§ INFORMATION PROVIDED
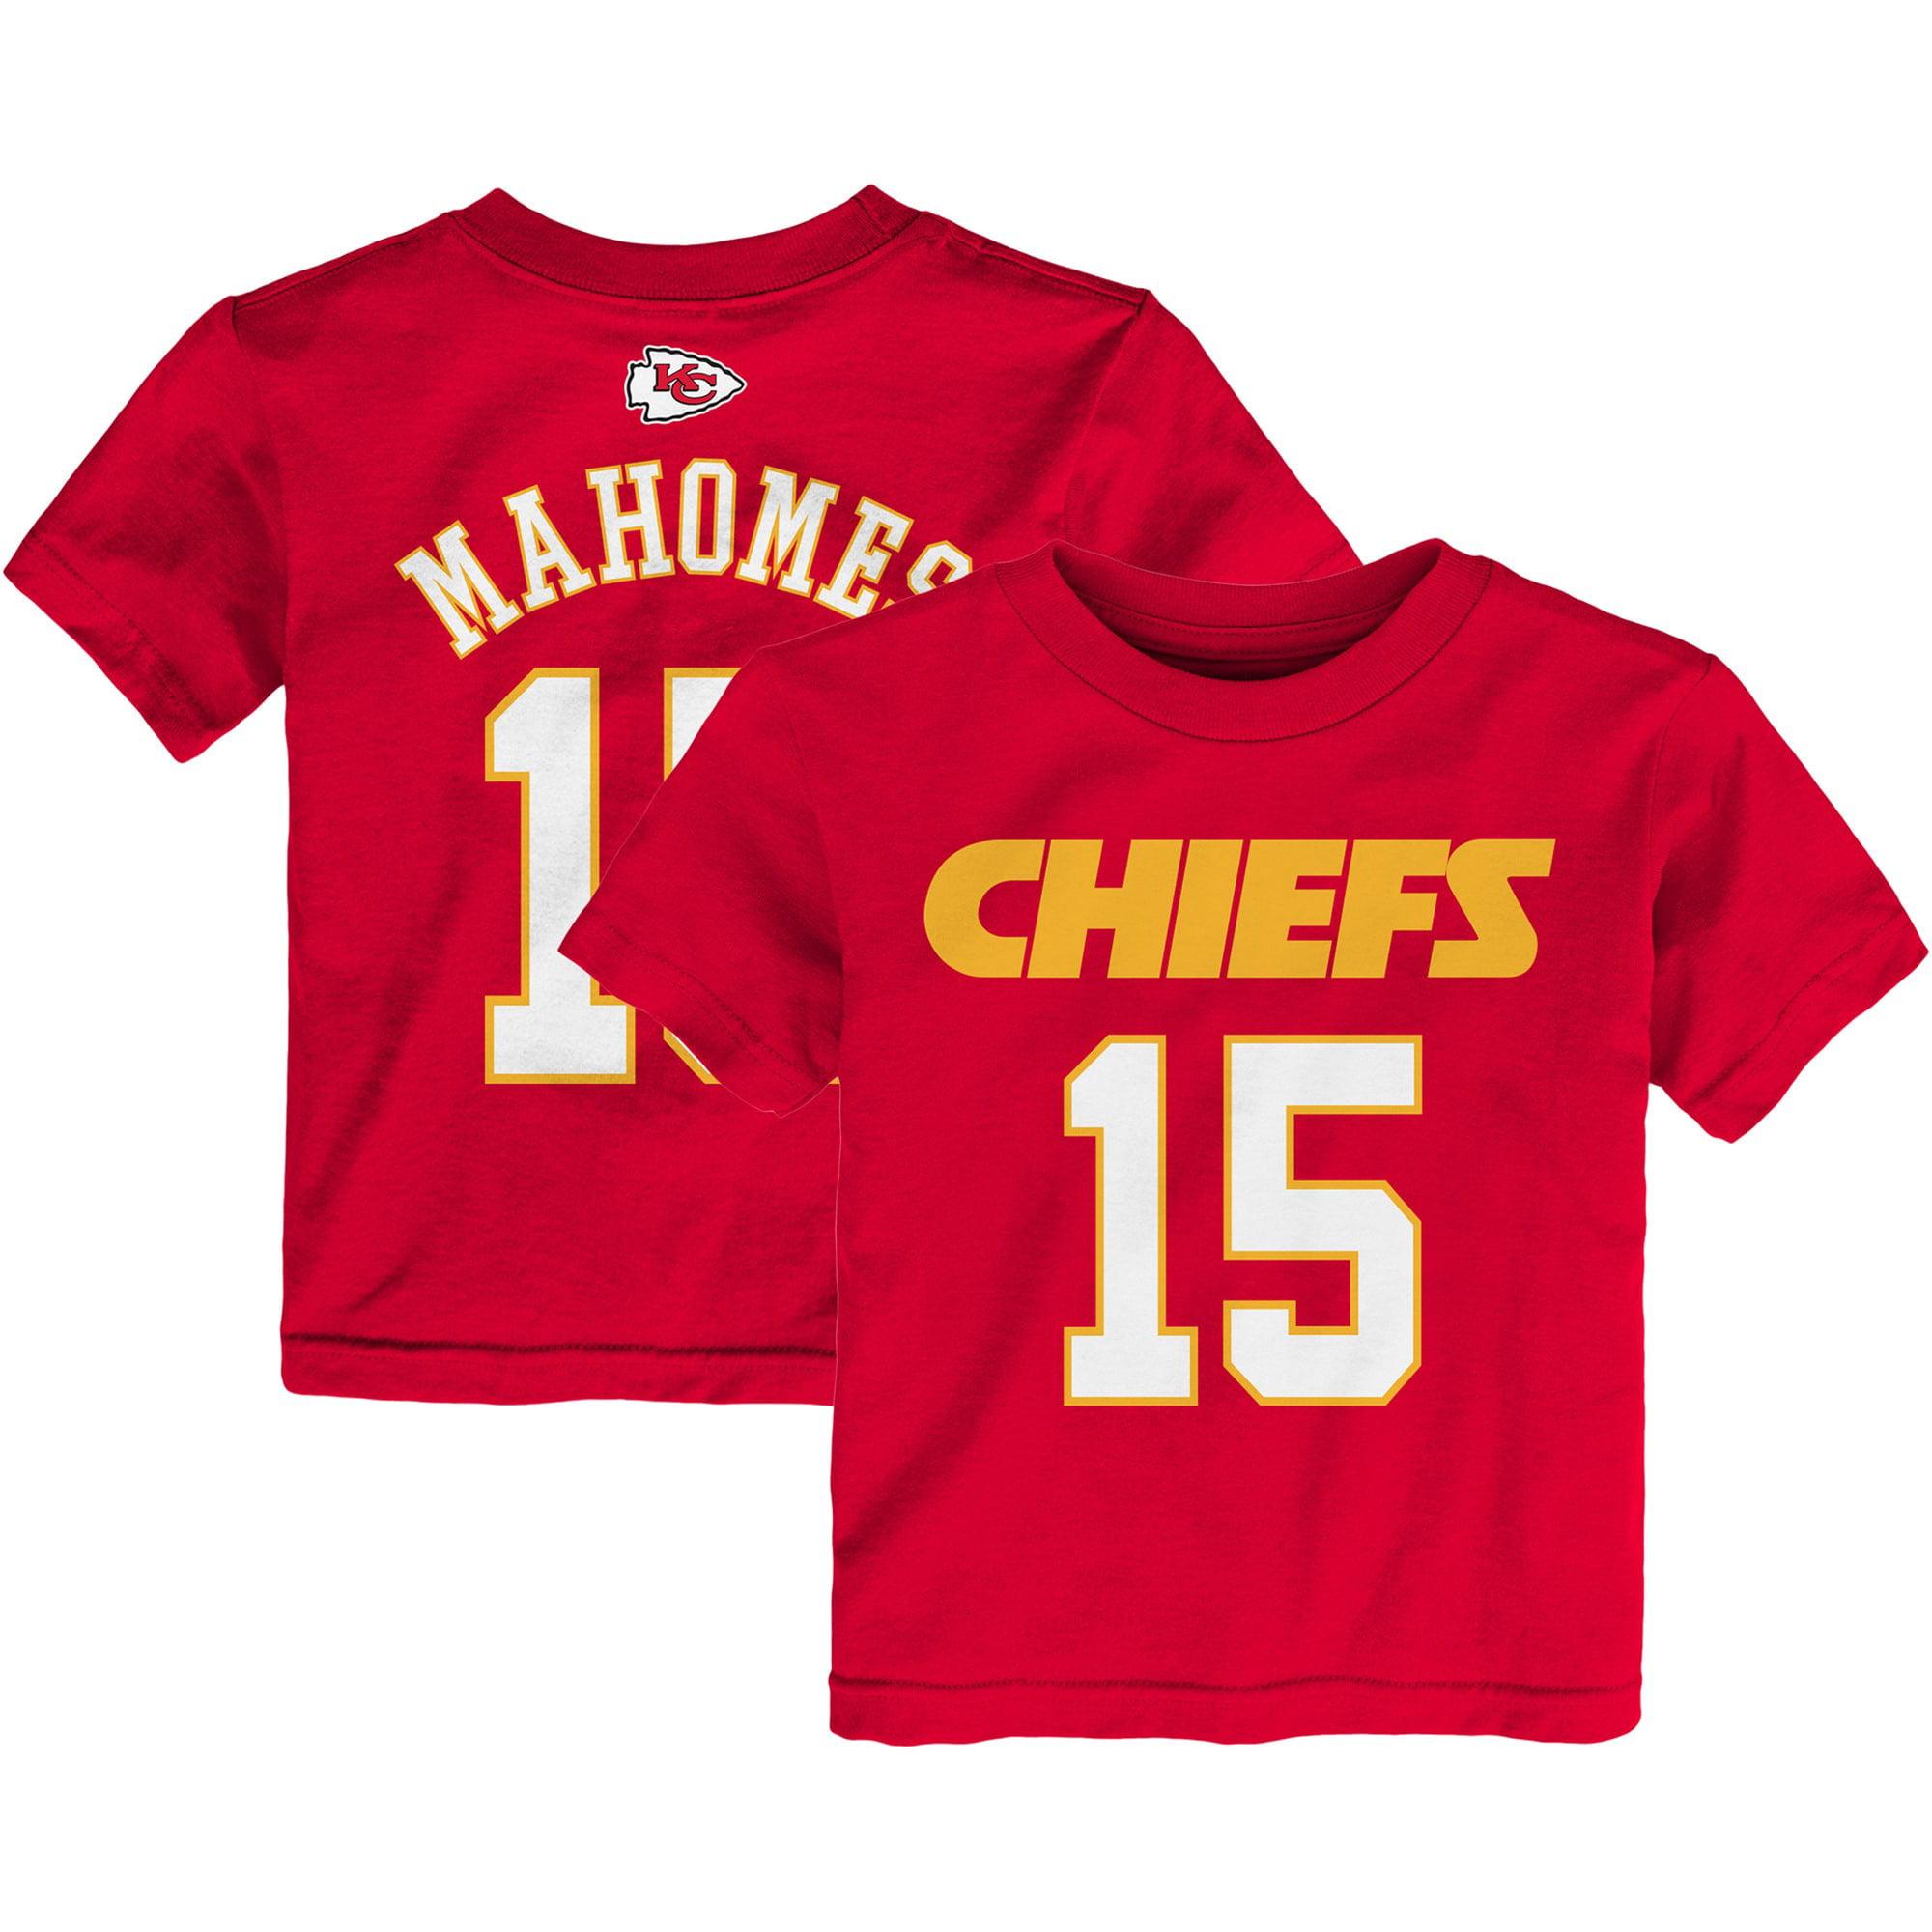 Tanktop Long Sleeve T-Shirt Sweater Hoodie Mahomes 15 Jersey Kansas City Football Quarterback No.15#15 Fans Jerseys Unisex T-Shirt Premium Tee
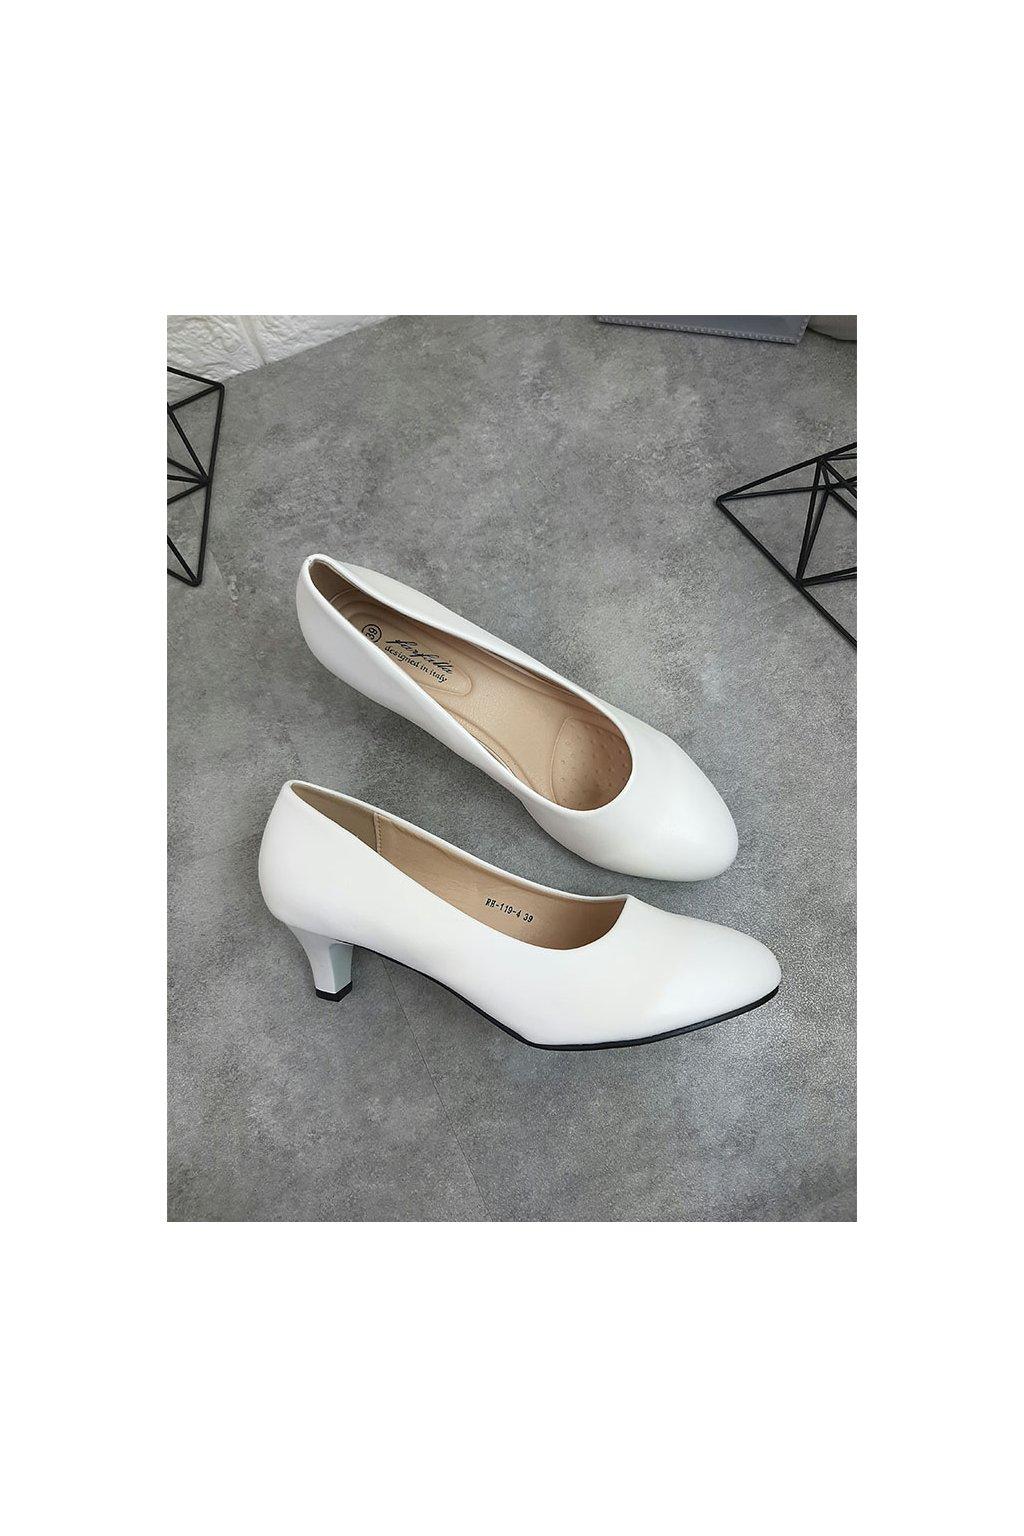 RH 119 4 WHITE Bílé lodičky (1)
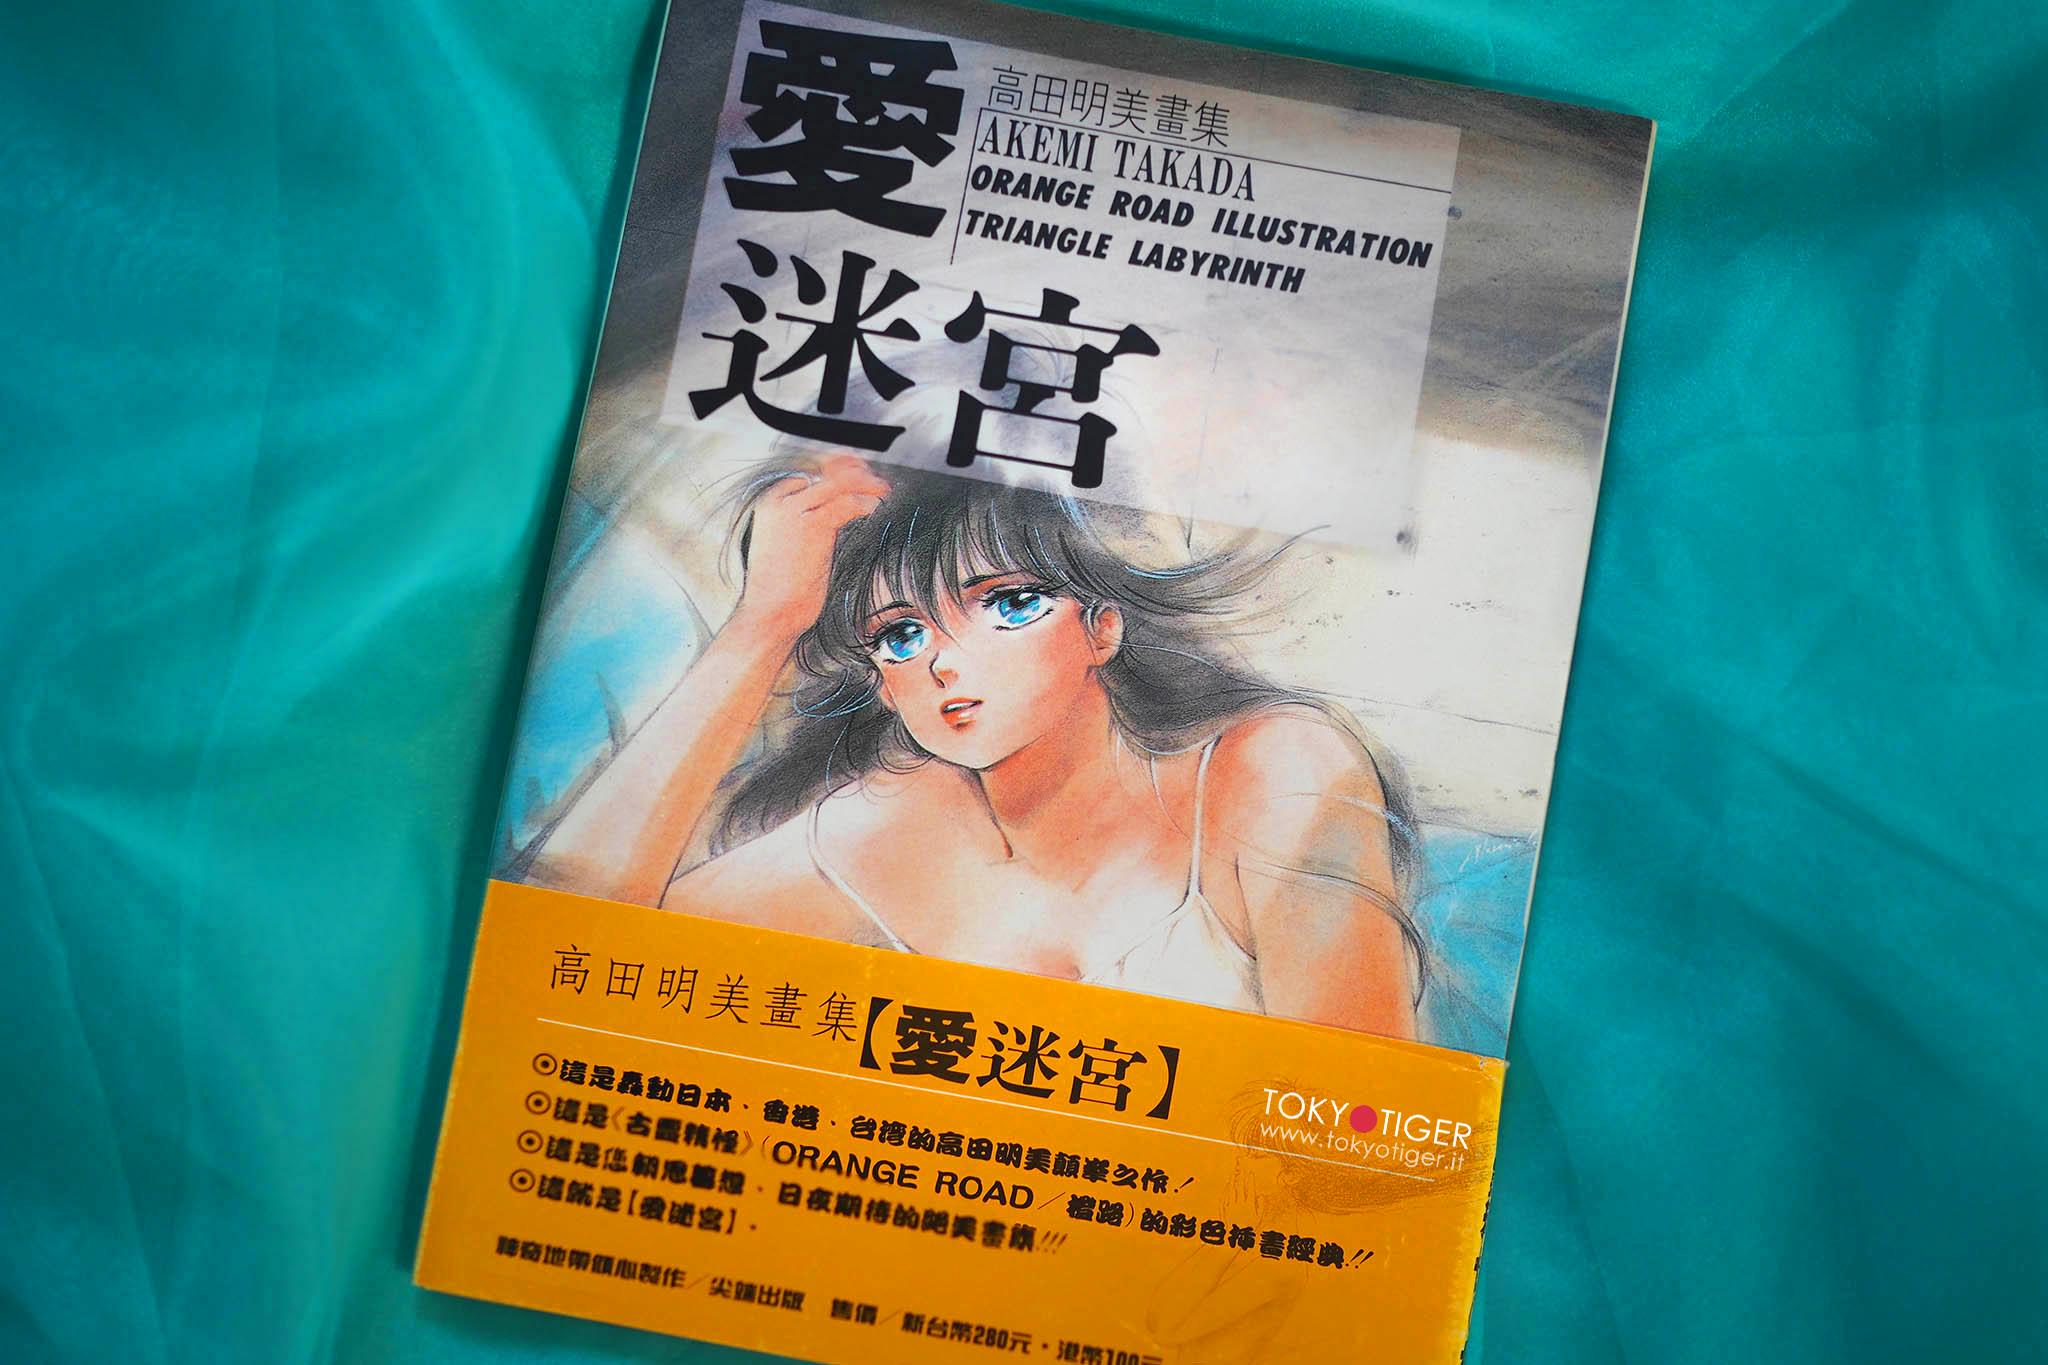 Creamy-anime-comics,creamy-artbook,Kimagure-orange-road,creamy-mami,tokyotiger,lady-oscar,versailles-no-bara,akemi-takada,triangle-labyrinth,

§ ABOUT THIS EXERCISE
Everything in the data except the pictures must be transcribed exactly.

§ WORKED SOLUTION
 Tanktop Long Sleeve T-Shirt Sweater Hoodie Mahomes 15 Jersey Kansas City Football Quarterback No.15#15 Fans Jerseys Unisex T-Shirt Premium Tee
 RH 119 4 WHITE Bílé lodičky (1)
 Creamy-anime-comics,creamy-artbook,Kimagure-orange-road,creamy-mami,tokyotiger,lady-oscar,versailles-no-bara,akemi-takada,triangle-labyrinth,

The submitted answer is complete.